By defendant's instruction Number Four the jury was told that the plaintiff could not recover if the jury believed from the evidence that the plaintiff's intestate "was guilty of any negligence, however slight, which contributed proximately to the happening of the accident" involved in the suit. The criticism is leveled at the words "however slight". It is said that the presence of those words in the instruction rendered it prejudicially erroneous in that they "unnecessarily emphasized in the mind of the jury the question of decedent's want of care and caution". We are impressed that this phrase does not involve prejudice when it is read in conjunction with the immediately attending and limiting phrase "which contributed proximately to the happening of the accident". When negligence of a person has contributed to his own injury (the doctrine of last clear chance being excluded under the facts), he cannot recover damages of another concurrently negligent, and it makes no difference whether the complaining party's negligence was great or small, if it contributed proximately to his injury. A similar instruction was considered by this court in Roberts v. Baltimore O. Railroad Co., 72 W. Va. 370, 375, 78 S.E. 357. There, the jury was told by the designated instruction that the plaintiff could not recover if his negligence in any degree contributed to his injury received by colliding with a railroad train at a public crossing. The instruction was approved.

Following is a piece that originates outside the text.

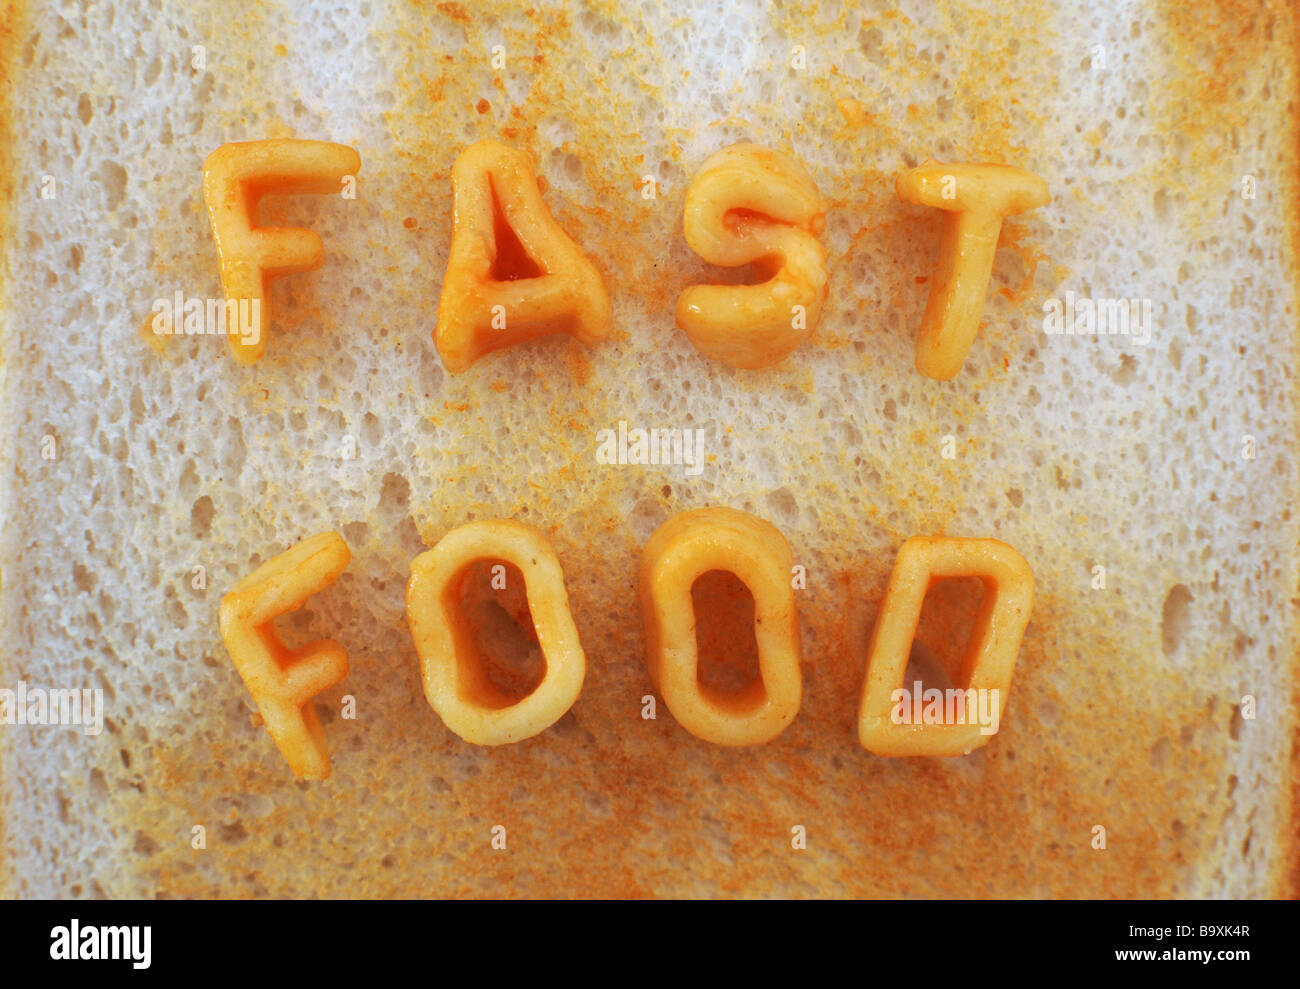 Alphabetti Spaghetti on toast Fast Food Stock Photo

Defendant's instruction Number Four, at bar, may be contrasted with an instruction which was under consideration in the recent case of Willhide v. Biggs, 118 W. Va. 160, 188 S.E. 876. We disapproved an instruction, therein brought under appraisal, which told the jury that if they should find from all the evidence that the plaintiff was guilty of any negligence which helped to bring about or produce the injury complained of, they should find for the defendants. The word "helped" has no place in a contributory negligence instruction, and then, too, the instruction contained no such limiting phrase as, for example, "which contributed proximately to the injury complained of". We there stated that to defeat recovery, the plaintiff's negligence must have been such, that, without it, the injury would not have resulted, subject, of course, to the doctrine of last clear chance. The instruction at bar safeguards the situation by the employment of the limiting phrase quoted and discussed. Considering also the facts at bar, it is evident the injury would not have resulted to the deceased but for his negligence.
The jury was told by defendant's instruction Number Five that if they believed from the evidence the fatal injury of plaintiff's decedent was the proximate result of concurrent negligence of both the said decedent and the agent of the defendant, there could be no recovery. This instruction presents a fundamental postulate of the law of negligence. Excluding from this case, as we must, for the reasons hereinabove set forth, the applicability of the doctrine of last clear chance, this instruction was not erroneous.
These considerations lead us to the conclusion that there was no prejudicial error in the trial, and that the verdict of the jury should be upheld. Therefore, we reverse the judgment of the trial court, reinstate the verdict and enter here a judgment of nil capiat.